CSV file with station coordinates


In [ ]:
locations = pd.read_csv("../data/lyon-stations.csv")

In [ ]:
locations.shape

Some stations were removed when the data were cleaned up. Remove them from the location data.


In [ ]:
mask = locations['idstation'].isin(result.station.unique())

In [ ]:
mask.sum()

In [ ]:
locations = locations[mask]

In [ ]:
locations = locations.rename_axis({'idstation': 'station'}, axis=1)

In [ ]:
locations.head()

Some station names contains the ' character. Replace it by the HTML code for folium.


In [ ]:
locations["nom"] = locations['nom'].str.replace("'", "&apos;")

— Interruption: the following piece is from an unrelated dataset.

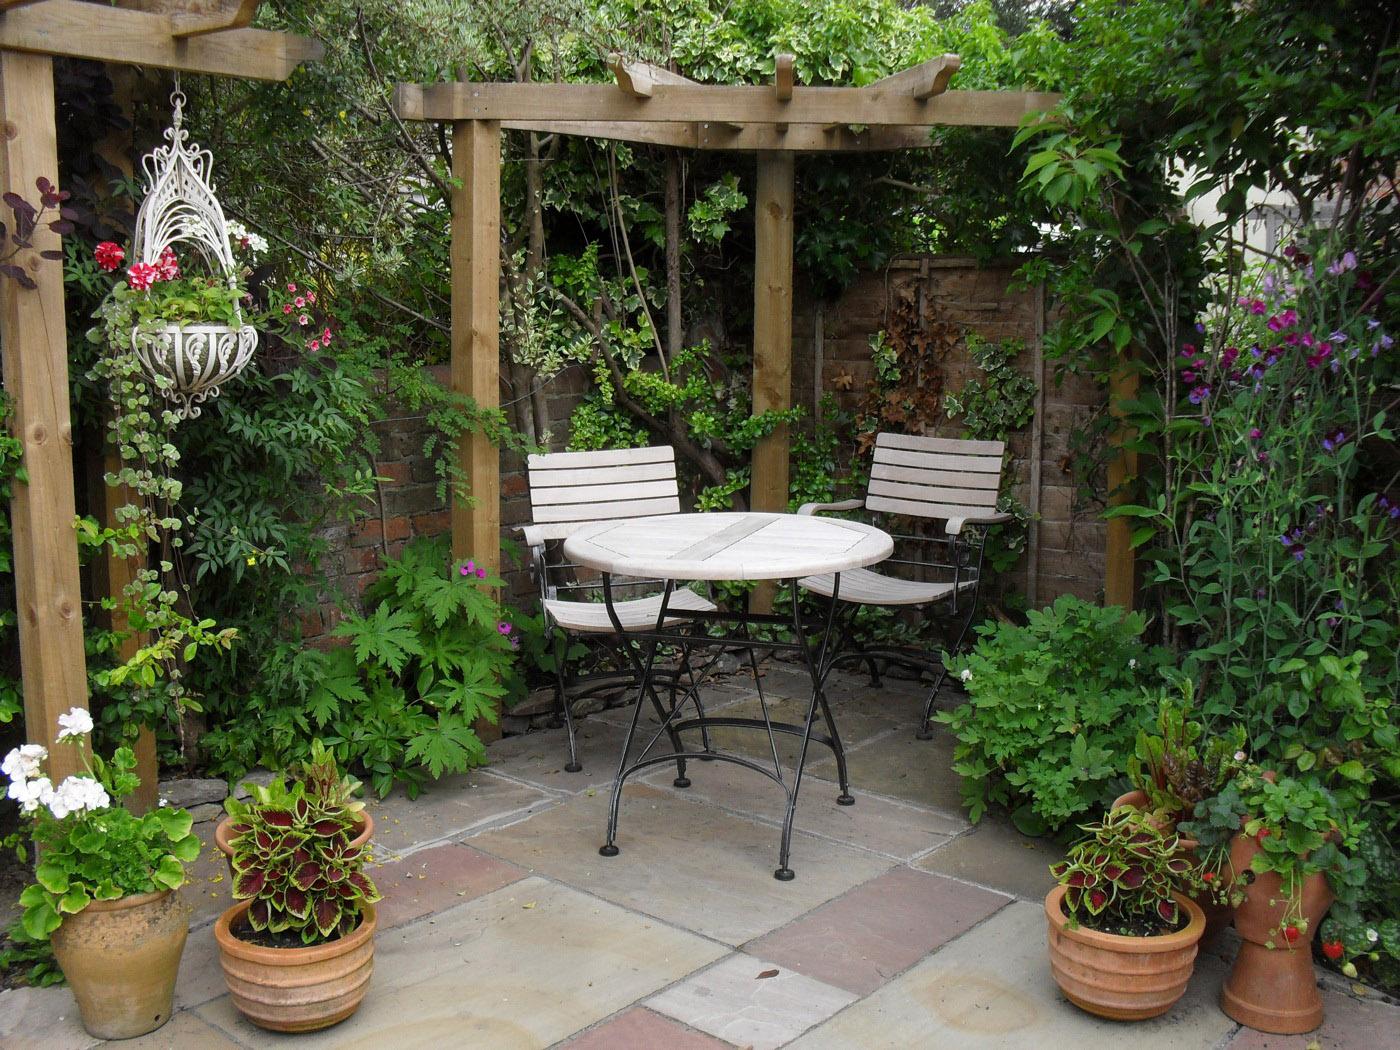 Small Courtyard Garden Design And Decor Ideas

Select the prediction data for a specific timestamp


In [ ]:
data_to_plot = result.loc[predict_date]

In [ ]:
data_to_plot.shape

In [ ]:
data_to_plot.head()

In [ ]:
yhat = data_to_plot[['station', 'prediction']].merge(locations, on='station')
yhat.head()

In [ ]:
y = data_to_plot[['station', 'observation']].merge(locations, on='station')

In [ ]:
error = data_to_plot[['station', 'error']].merge(locations, on='station')

In [ ]:
colormap = 'RdYlBu'
cmap = plt.get_cmap(colormap)

In [ ]:
# show the colormap use to plot the stations, values [0, 1]
gradient = np.linspace(0, 1, 256)
gradient = np.vstack((gradient, gradient))
fig, ax = plt.subplots(1)
fig.subplots_adjust(top=0.95, bottom=0.80, left=0.2, right=0.99)
ax.set_xticks([0., 64, 128, 192, 256])
ax.set_xticklabels([0., 0.25, 0.5, 0.75, 1.])
ax.set_xlabel('Bikes Availability')
ax.imshow(gradient, aspect='auto', cmap=cmap, vmin=0, vmax=1)
plt.title('Colormap used to plot stations')
  • Red stations if there are 0 or a few available bikes
  • Blue stations if there are several available bikes

In [ ]:
color = lambda x: mpl.colors.to_hex(cmap(x))

In [ ]:
# Lyon (France) Position
position = [45.750000, 4.850000]

In [ ]:
mp_pred = folium.Map(location=position, zoom_start=13, tiles='cartodbpositron')

In [ ]:
# Map of the predicted values
for _,row in yhat.iterrows():
    folium.CircleMarker(
        location=[row['lat'], row['lon']],
        radius=2,
        popup=row['nom'],
        color=color(row['prediction']),
        fill=True,
        fill_opacity=0.3,
        fill_color=color(row['prediction'])
    ).add_to(mp_pred)

In [ ]:
mp_pred

In [ ]:
# Map for the observation
mp_obs = folium.Map(location=position, zoom_start=13, tiles='cartodbpositron')

In [ ]:
# Map of the observations
for _,row in y.iterrows():
    folium.CircleMarker(
        location=[row['lat'], row['lon']],
        radius=2,
        popup=row['nom'],
        color=color(row['observation']),
        fill=True,
        fill_opacity=0.3,
        fill_color=color(row['observation'])
    ).add_to(mp_obs)

In [ ]:
mp_obs

In [ ]:
# Colormap for error (by default, the color map fits for [0, 1] values)
norm = mpl.colors.Normalize(vmin=-1, vmax=1)
color_error = lambda x: mpl.colors.to_hex(cmap(norm(x)))

In [ ]:
# Map for the errors
mp_error = folium.Map(location=position, zoom_start=13, tiles='cartodbpositron')

In [ ]:
# Map of the errors
for _,row in error.iterrows():
    folium.CircleMarker(
        location=[row['lat'], row['lon']],
        radius=2,
        popup=row['nom'],
        color=color_error(row['error']),
        fill=True,
        fill_opacity=0.3,
        fill_color=color_error(row['error'])
    ).add_to(mp_error)

In [ ]:
mp_error